Im Dienst des Diktators: Leben und Flucht eines nordkoreanischen Agenten
- Author: Ingrid Steiner-Gashi, Dardan Gashi
- Language: German
- Genre: Biography
- Publisher: Ueberreuter
- Publication date: March 2010
- Publication place: Austria
- Media type: Print
- Pages: 206
- ISBN: 3800074508

= Im Dienst des Diktators =

2010 book by Ingrid Steiner-Gashi and Dardan Gashi

Im Dienst des Diktators: Leben und Flucht eines nordkoreanischen Agenten (en: In the Dictator's Service: the Life and Flight of a North Korean Agent) is a biography of North Korean defector Kim Jong Ryul that reveals information on the luxurious lifestyle of North Korea's Eternal President Kim Il Sung and his son Kim Jong Il. Austrian journalists Ingrid Steiner-Gashi and Dardan Gashi authored the book, and Ueberreuter published it in March 2010.

In 2010, Kim Jong Ryul came out to share his experiences as a "shopper" for the North Korean elite after sixteen years of hiding in Austria. Although criticizing Kim Jong Il might endanger his life and his family, Kim Jong Ryul told the Associated Press, "Without this book, I didn't want to die.

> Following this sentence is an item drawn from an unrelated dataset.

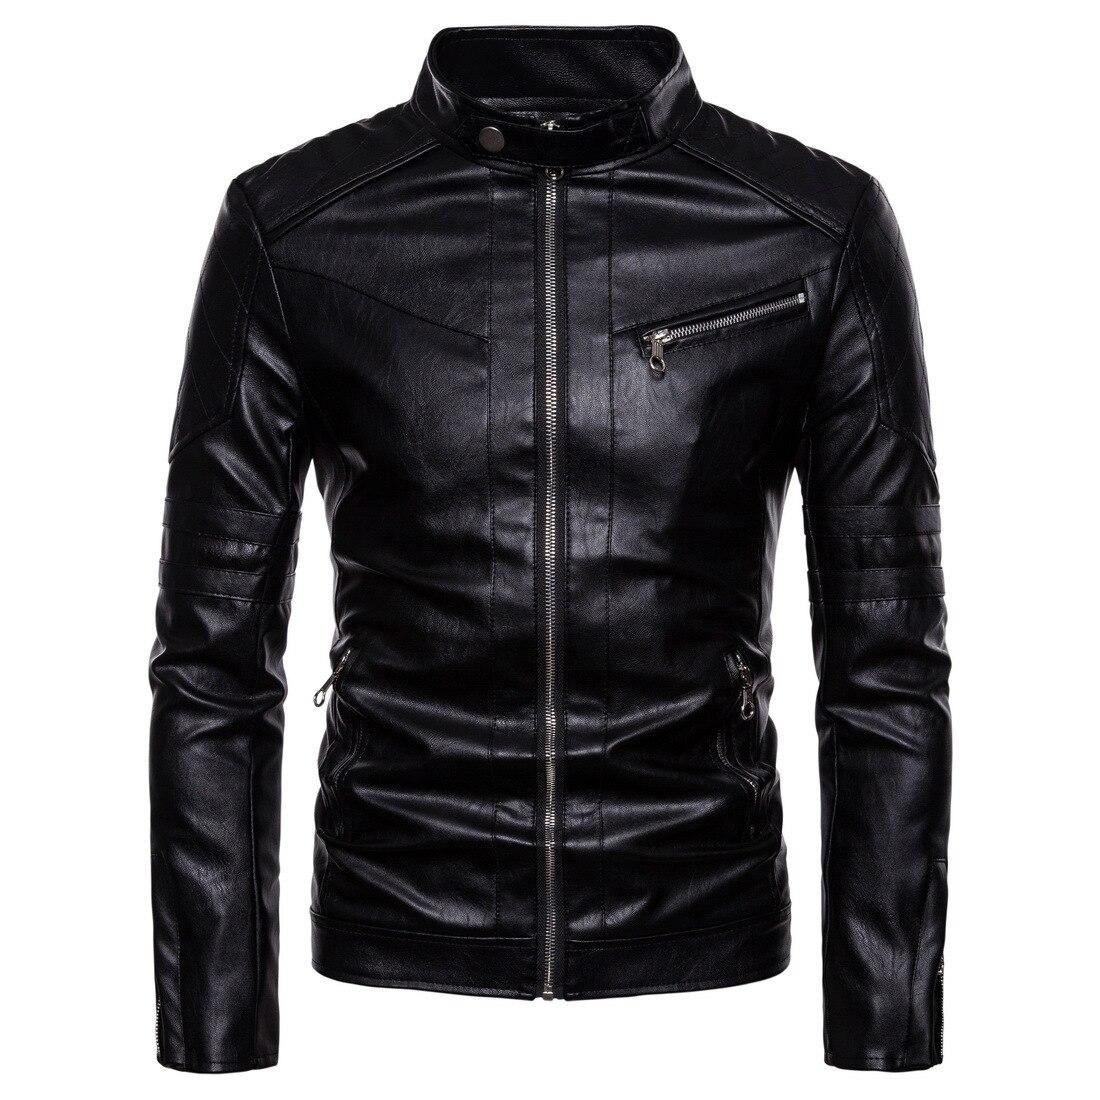 Men Leather Jackets and Coats Jacket Winter Faux Biker Motorcycle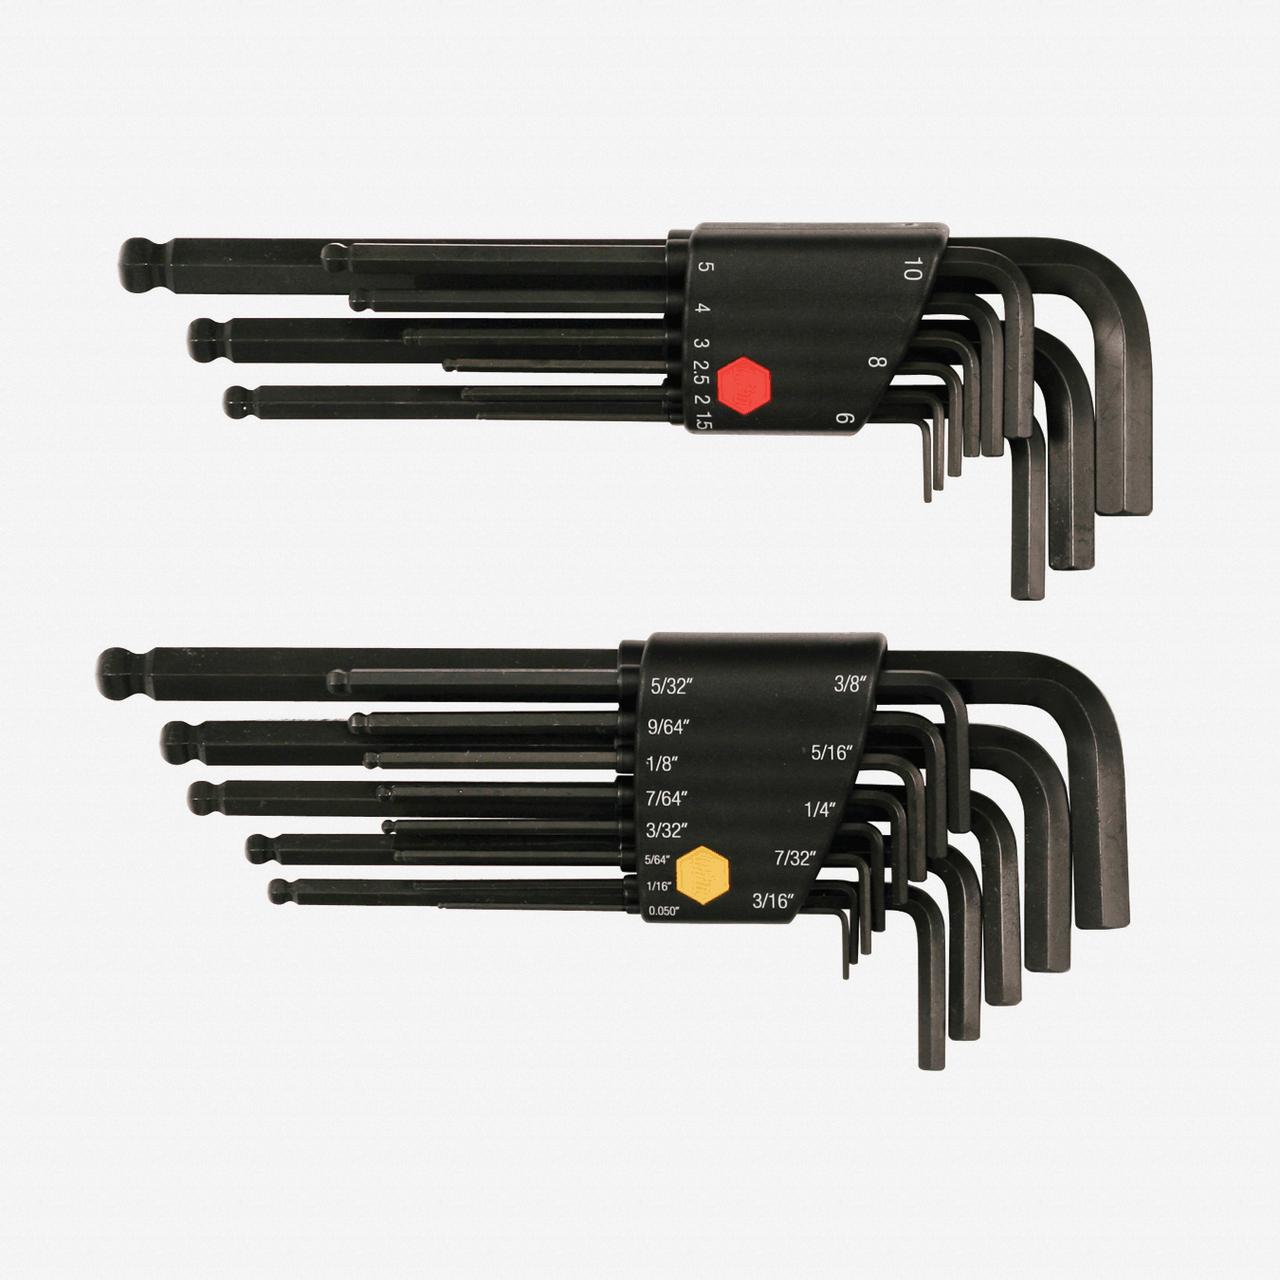 Wiha 36900 22 Piece Ball End Hex L-Key SAE and Metric Set - KC Tool

Now I can die with a clear conscience."

==Content==
Kim Jong Ryul spent around 20 years fulfilling the wishlists of North Korea's nomenklatura by purchasing and smuggling expensive goods into North Korea. Such items included silk wallpaper, gold-plated handguns, and luxury vehicles. He spent much time operating out of Vienna, Austria. Kim Jong Ryul served as a translator for a group of North Korean chefs instructed to "learn everything" about Austrian cuisine. Kim Jong Ryul and a group of engineers were also assigned to duplicate a Mercedes-Benz.